*** THE INPUT
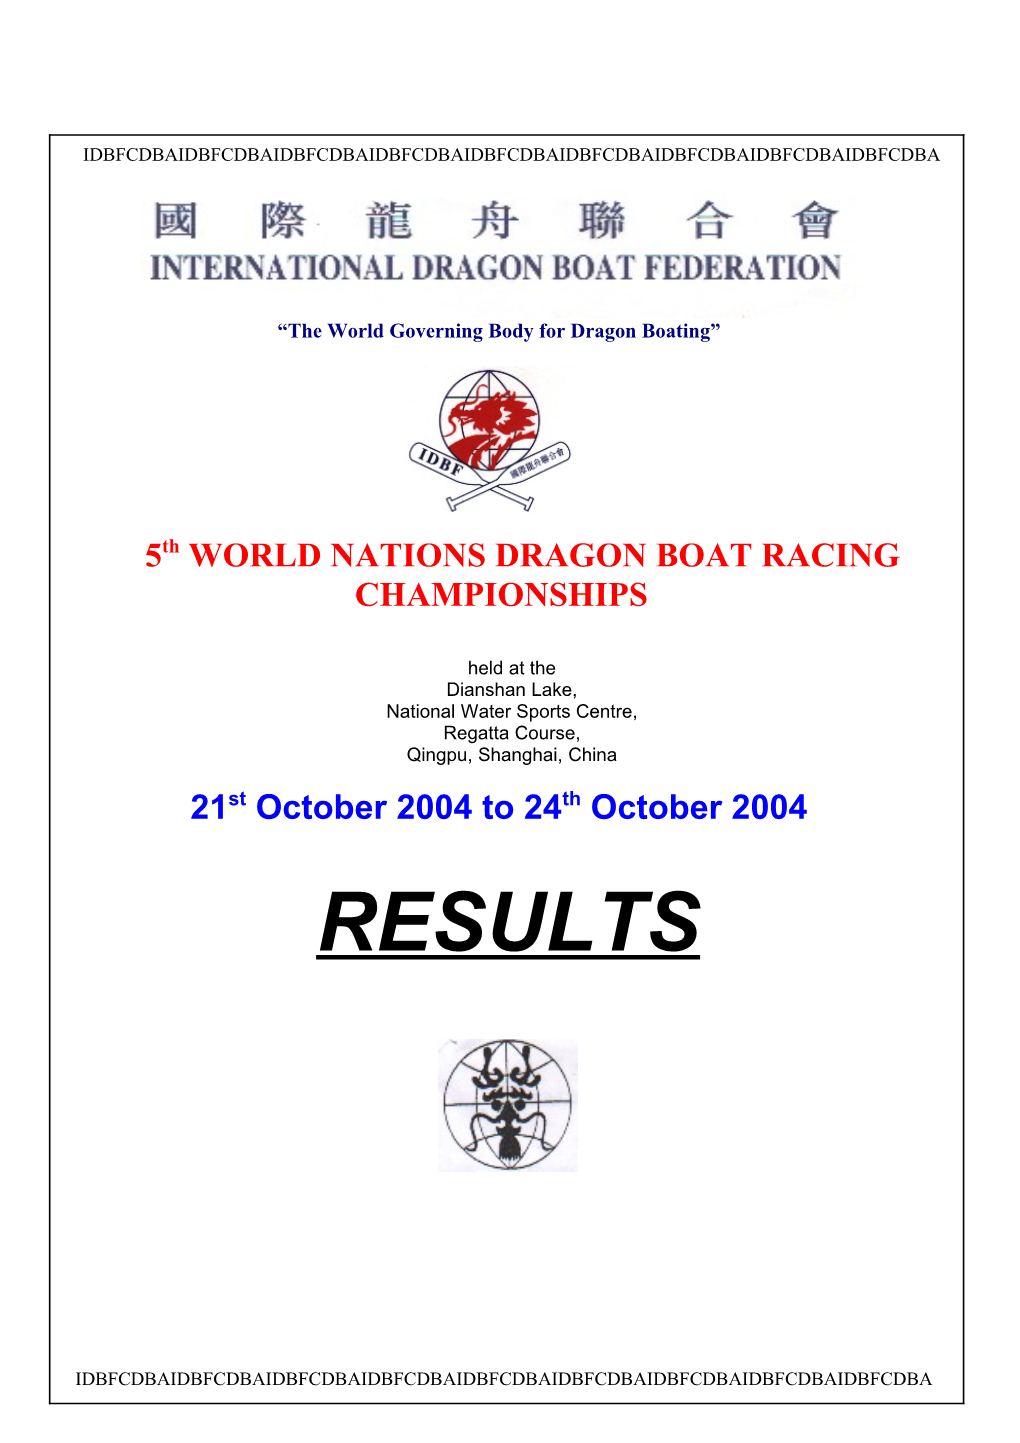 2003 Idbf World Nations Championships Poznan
******
*** THE INPUT
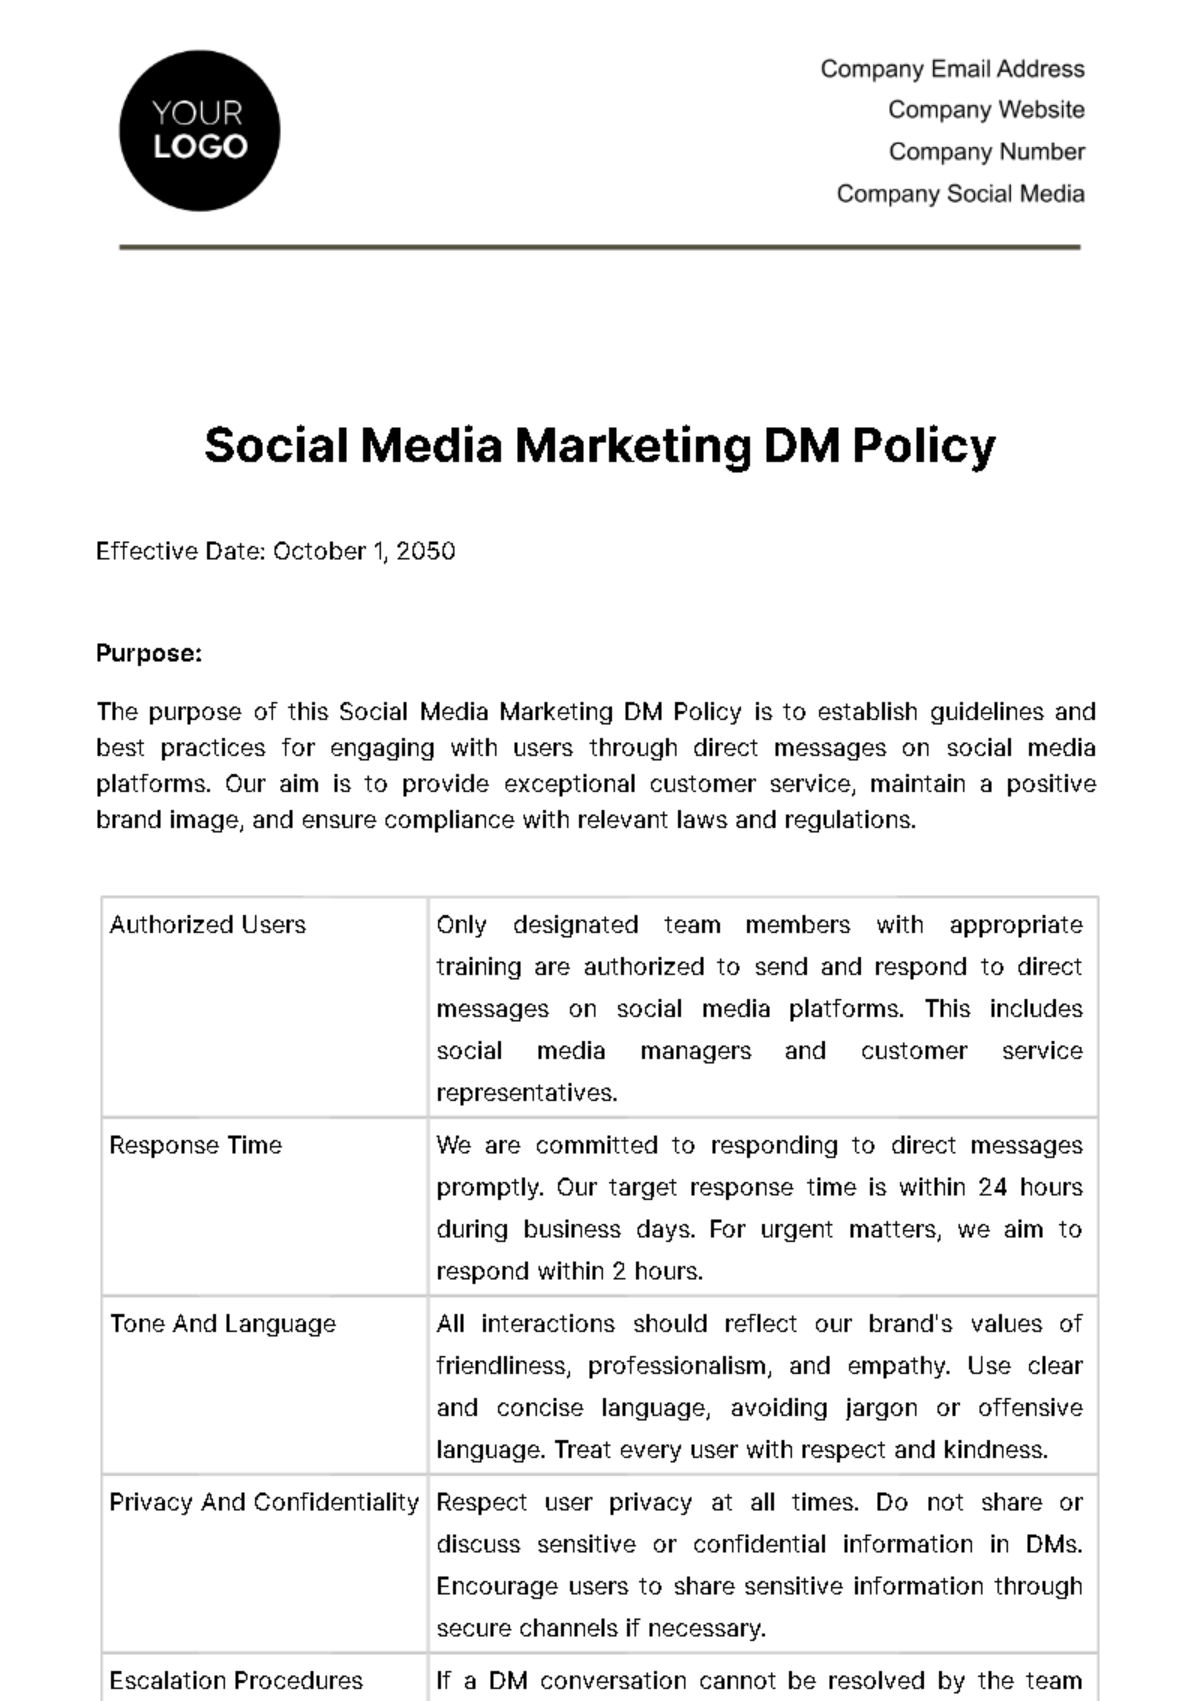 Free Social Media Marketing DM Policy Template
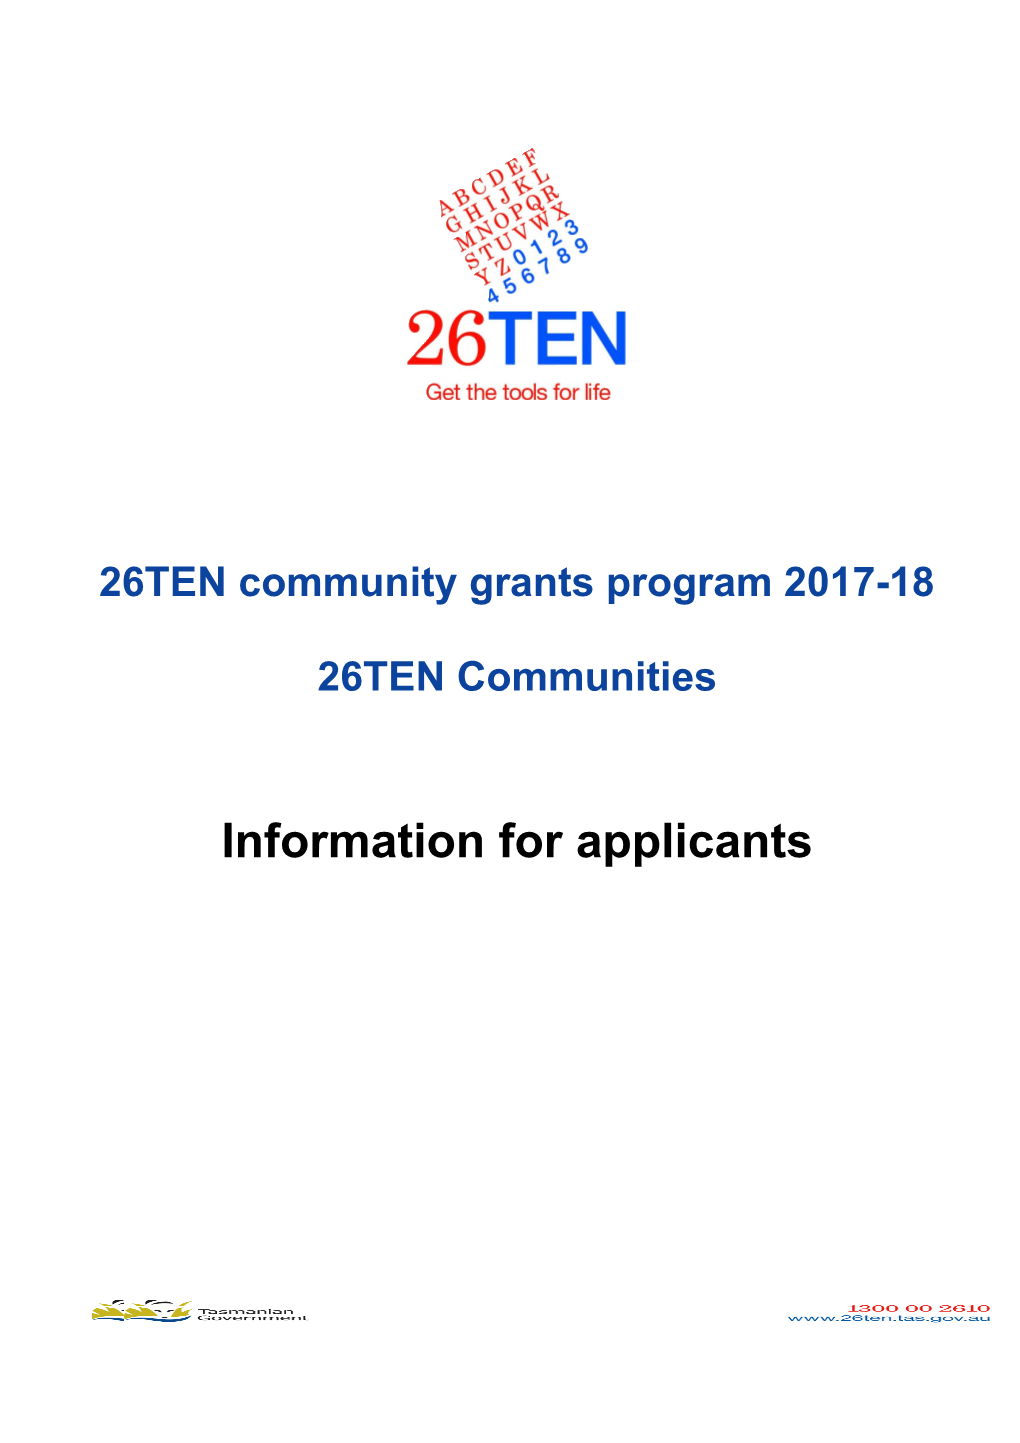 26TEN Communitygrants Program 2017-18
******
*** THE INPUT
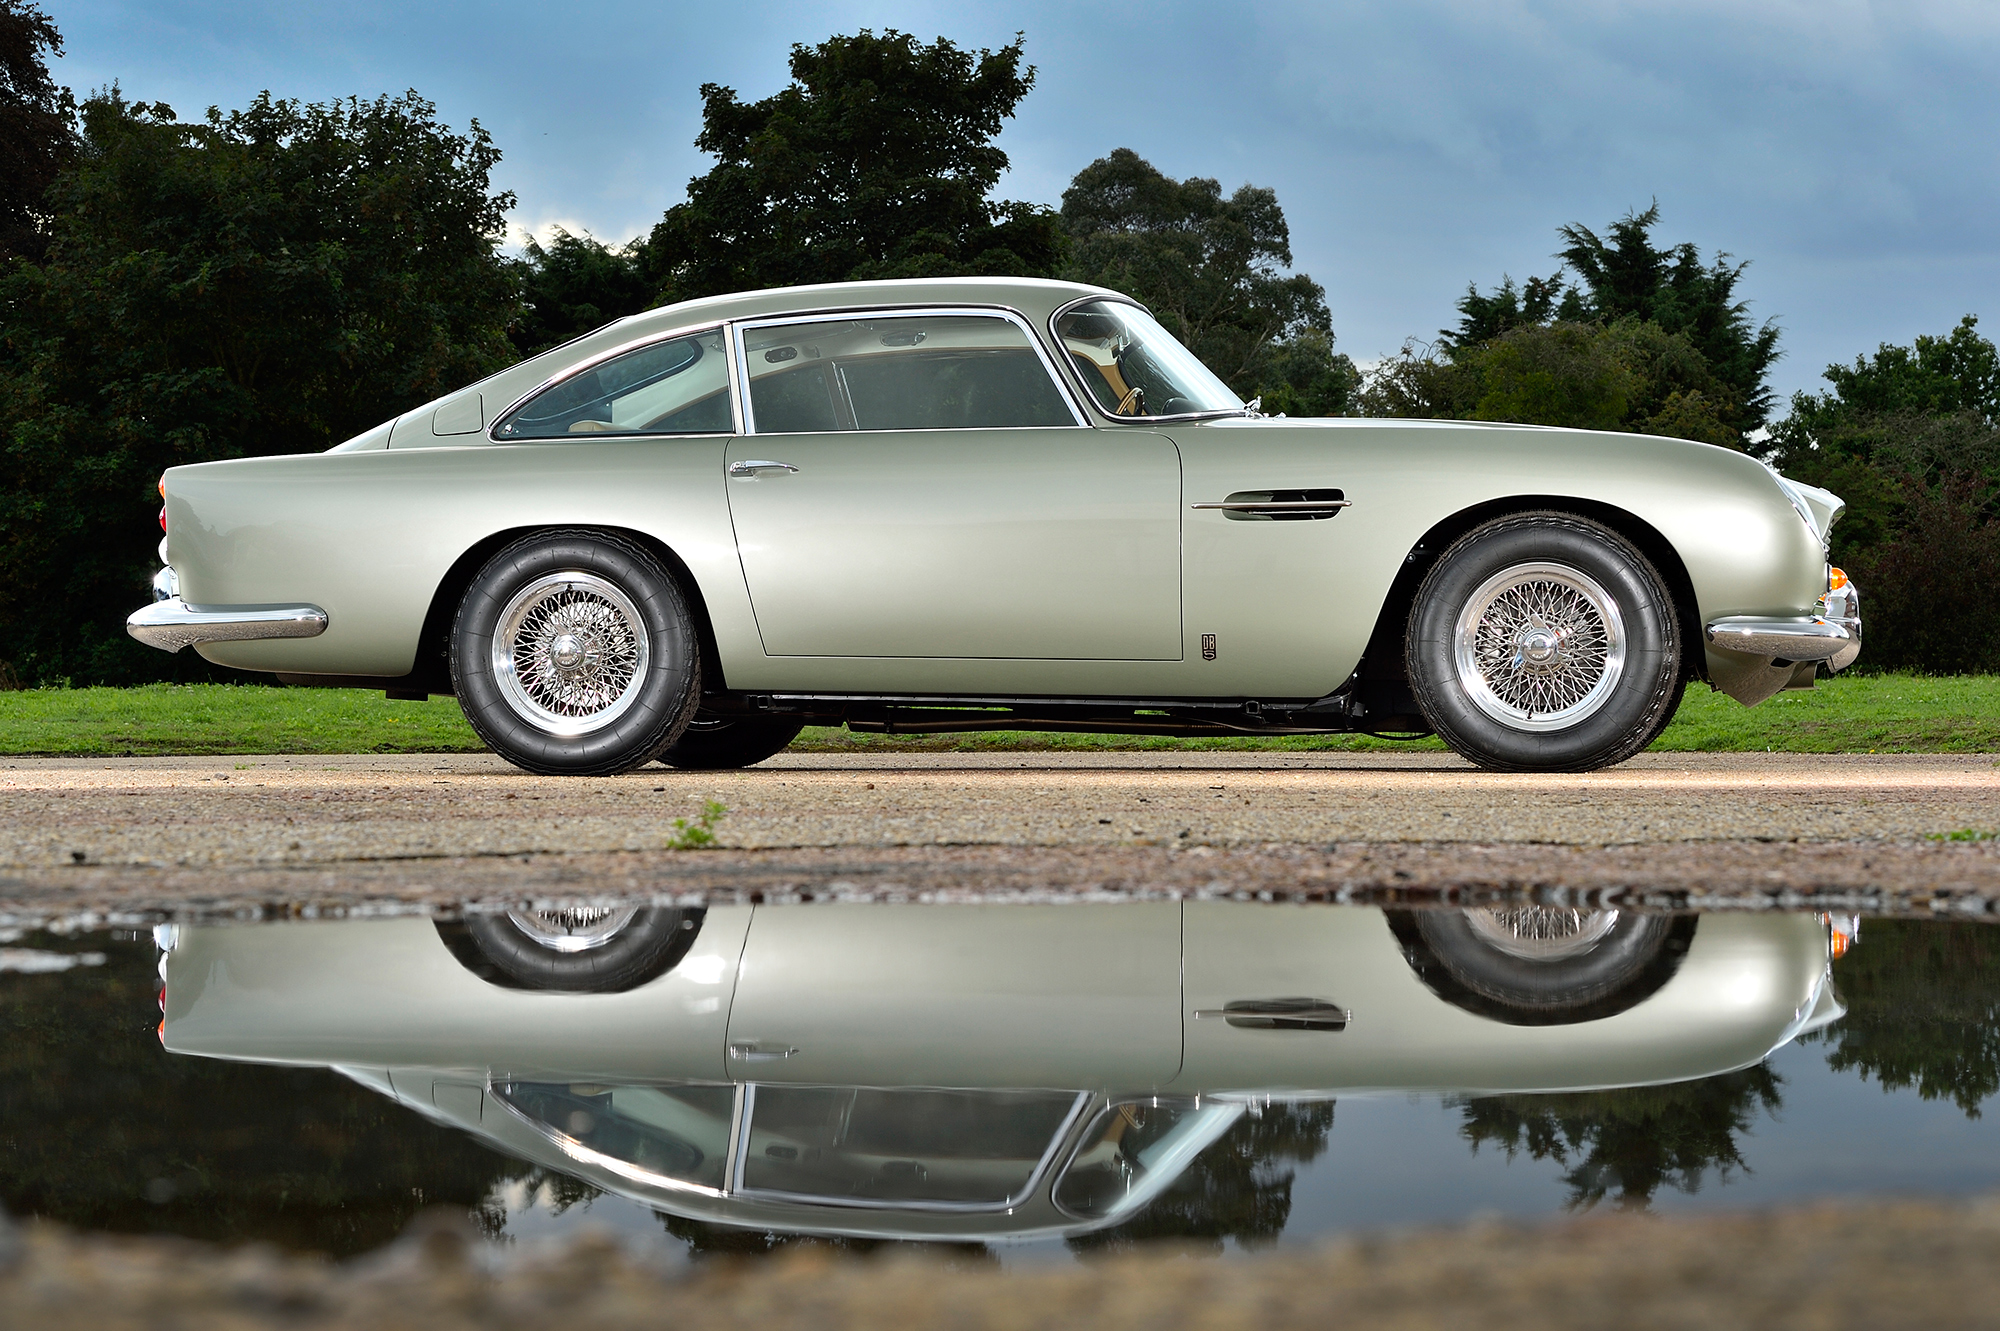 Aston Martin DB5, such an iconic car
******
WORK ITEM – For the entries above, print exactly the lines between the one with "Free Social Media" and the one with "26TEN Communitygrants Program 2017-18", inclusive, with no pictures.

EXERCISE SOLUTION –
 Free Social Media Marketing DM Policy Template
 26TEN Communitygrants Program 2017-18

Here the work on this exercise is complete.